WORK ITEM:
Everything from the line that holds "ET-RG25 未使用品 ☆★_画像5" through the end of the listing below must be retyped word for word, without any pictures.

BEGIN DATA SEGMENT

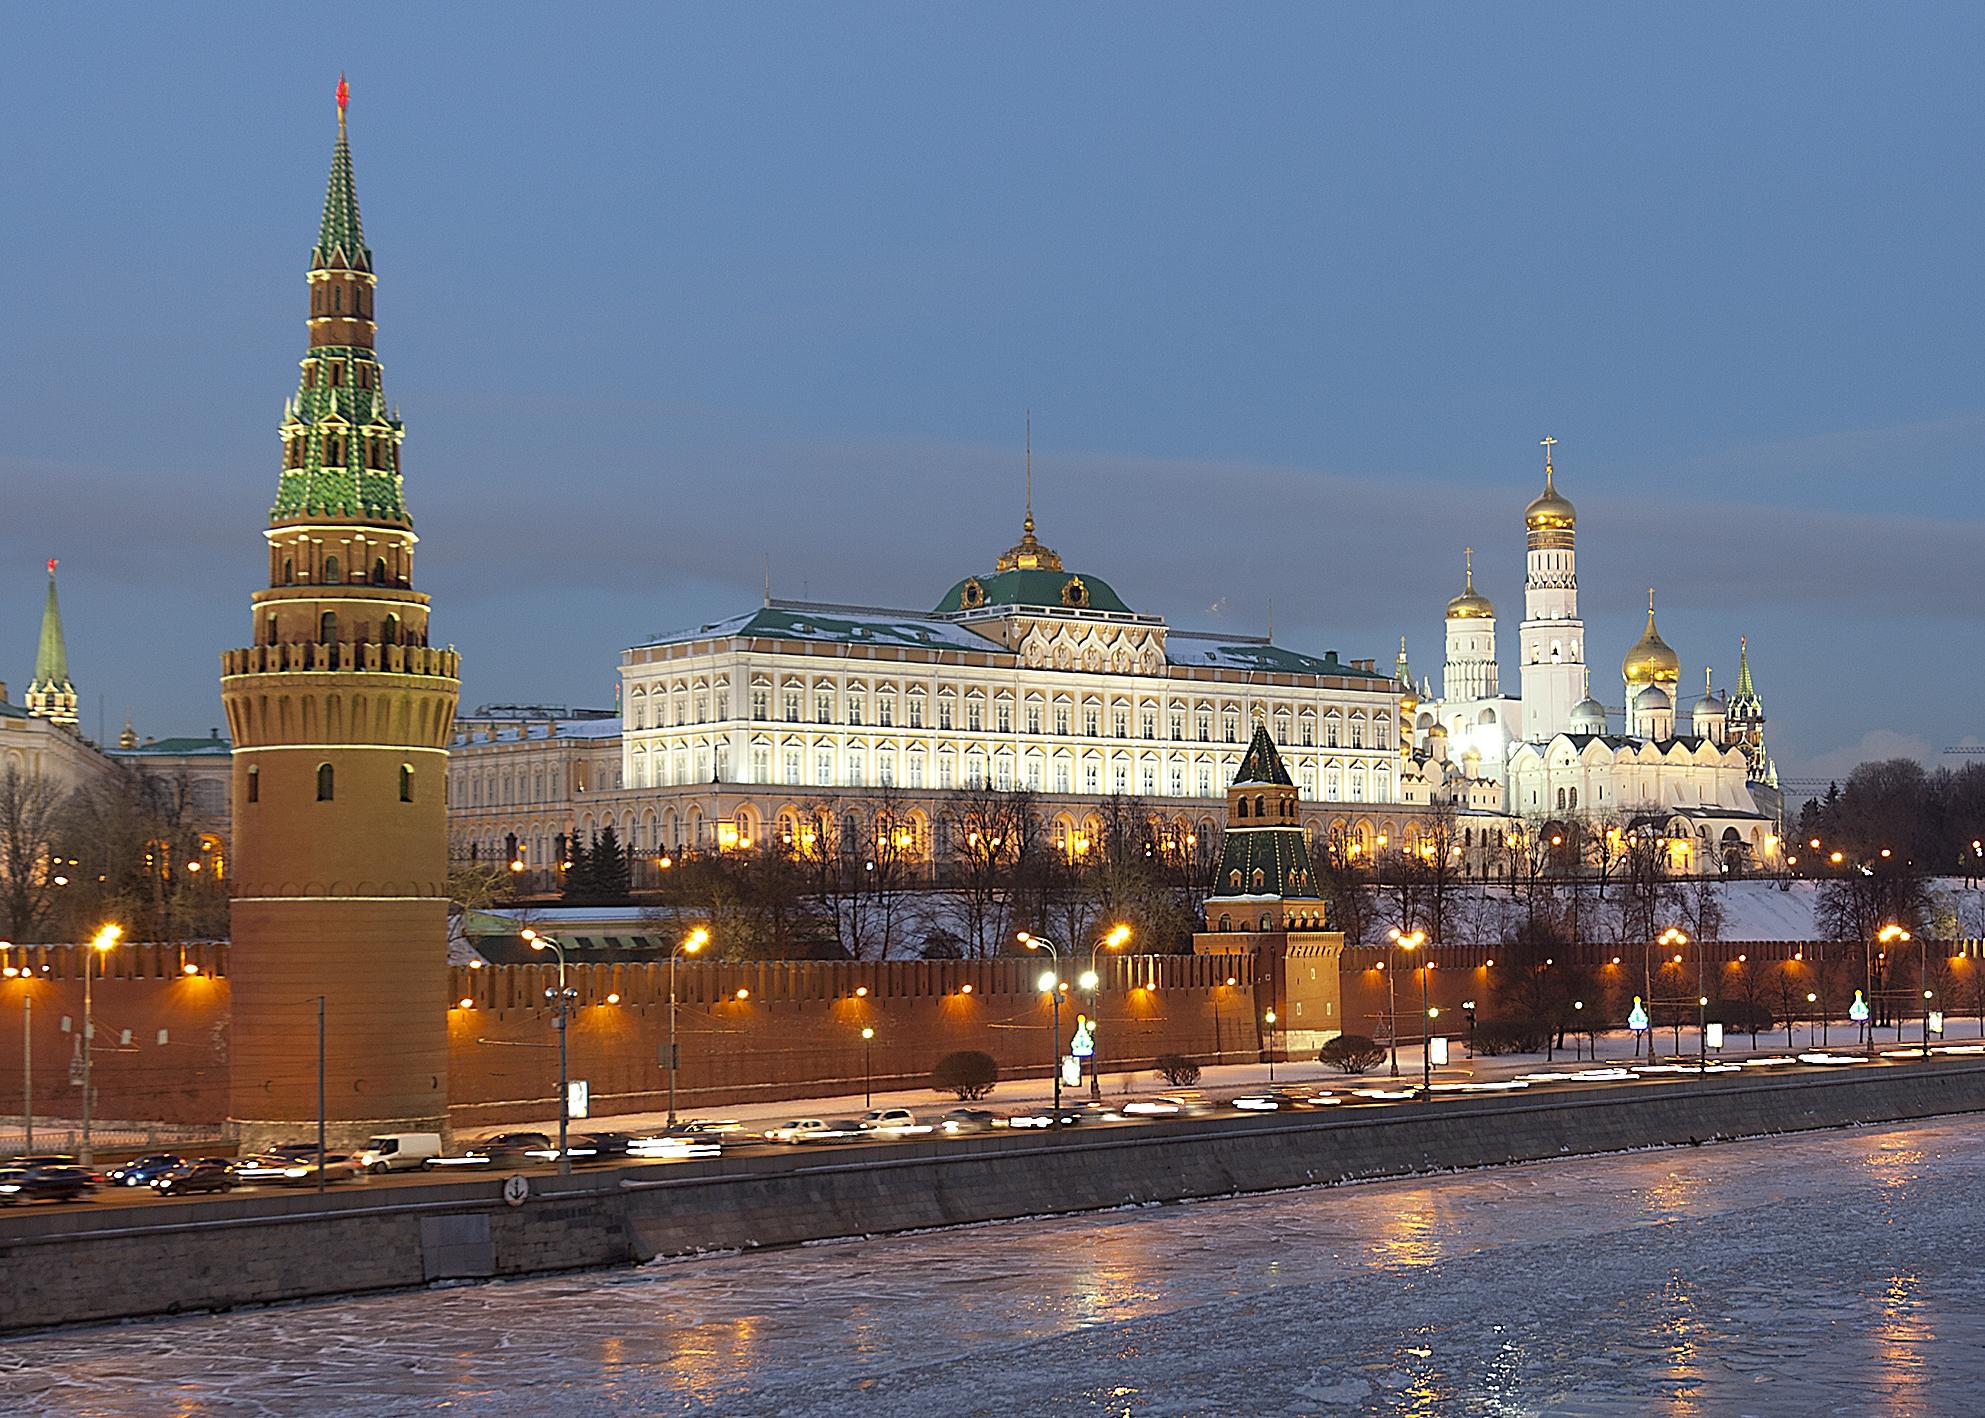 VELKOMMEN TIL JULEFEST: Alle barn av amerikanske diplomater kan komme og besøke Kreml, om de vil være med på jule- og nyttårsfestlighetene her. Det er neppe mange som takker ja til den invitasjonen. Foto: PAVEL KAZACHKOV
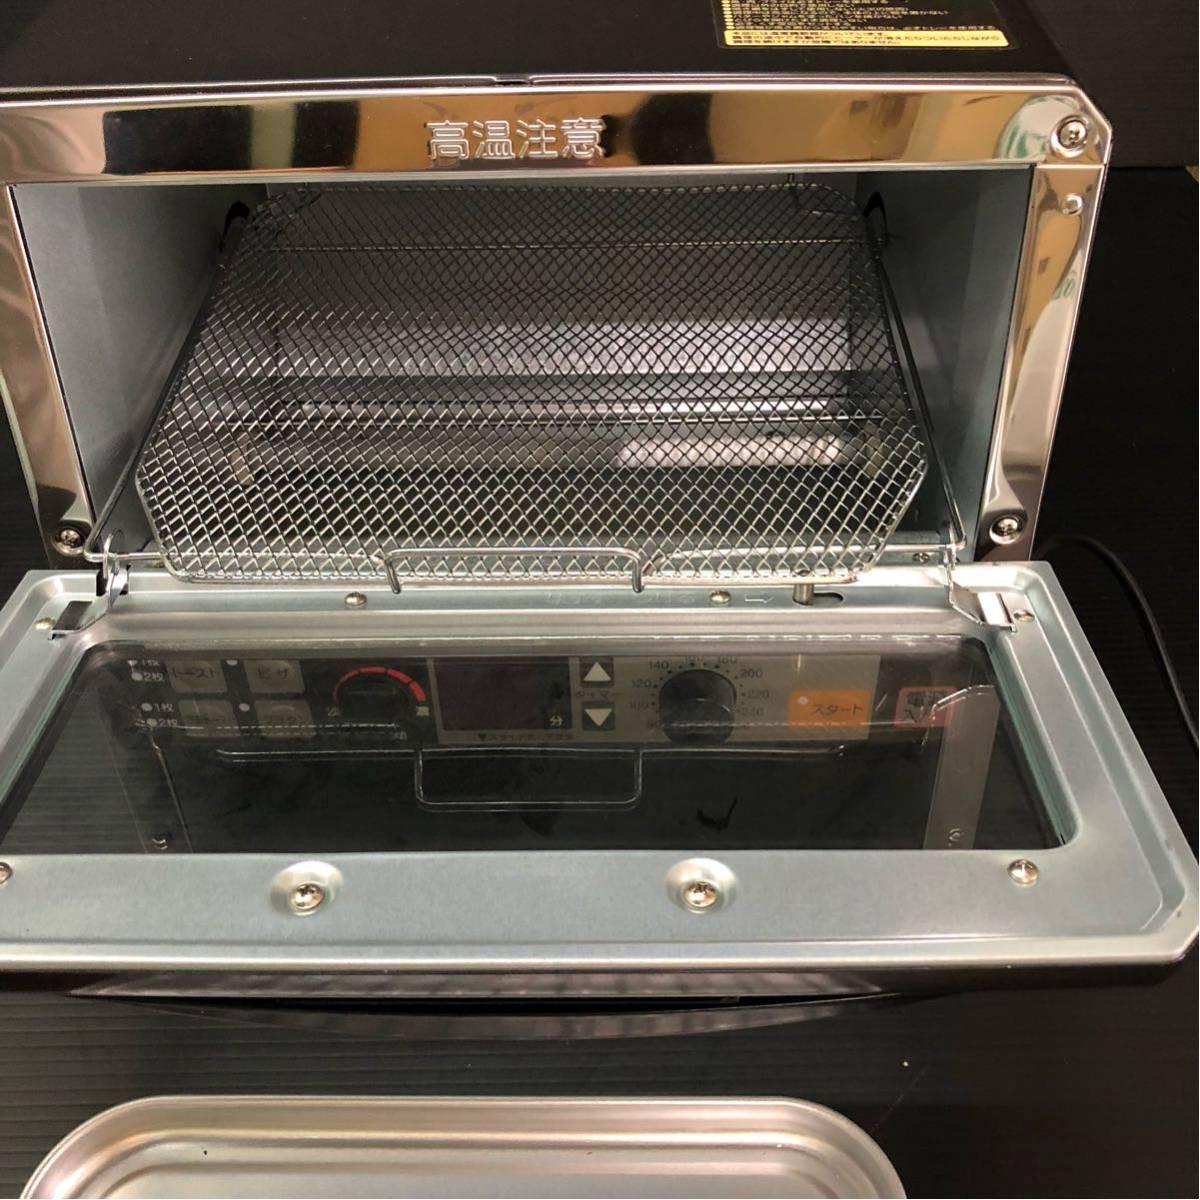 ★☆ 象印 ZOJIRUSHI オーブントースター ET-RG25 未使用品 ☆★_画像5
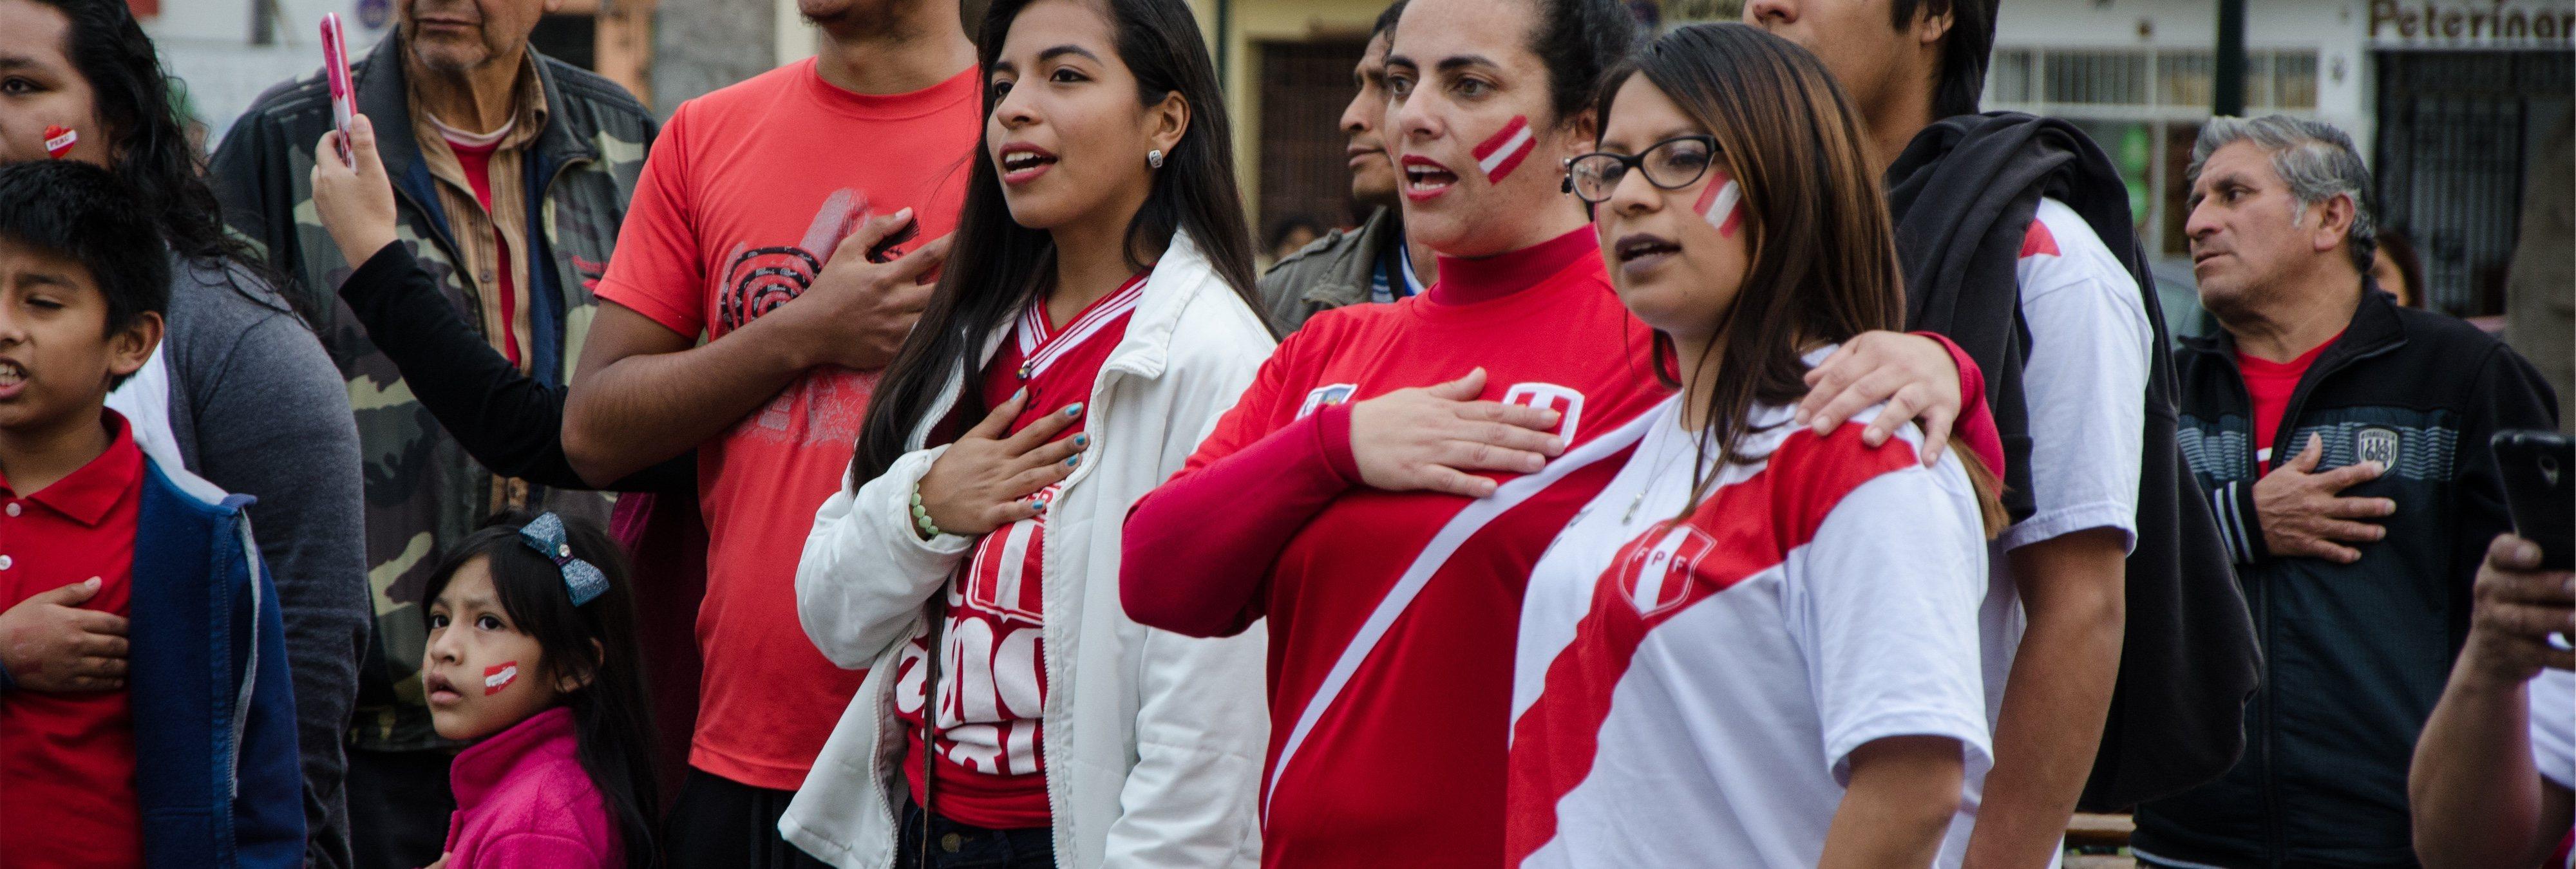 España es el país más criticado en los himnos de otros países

END DATA SEGMENT

ANSWER BOX:
 ★☆ 象印 ZOJIRUSHI オーブントースター ET-RG25 未使用品 ☆★_画像5
 España es el país más criticado en los himnos de otros países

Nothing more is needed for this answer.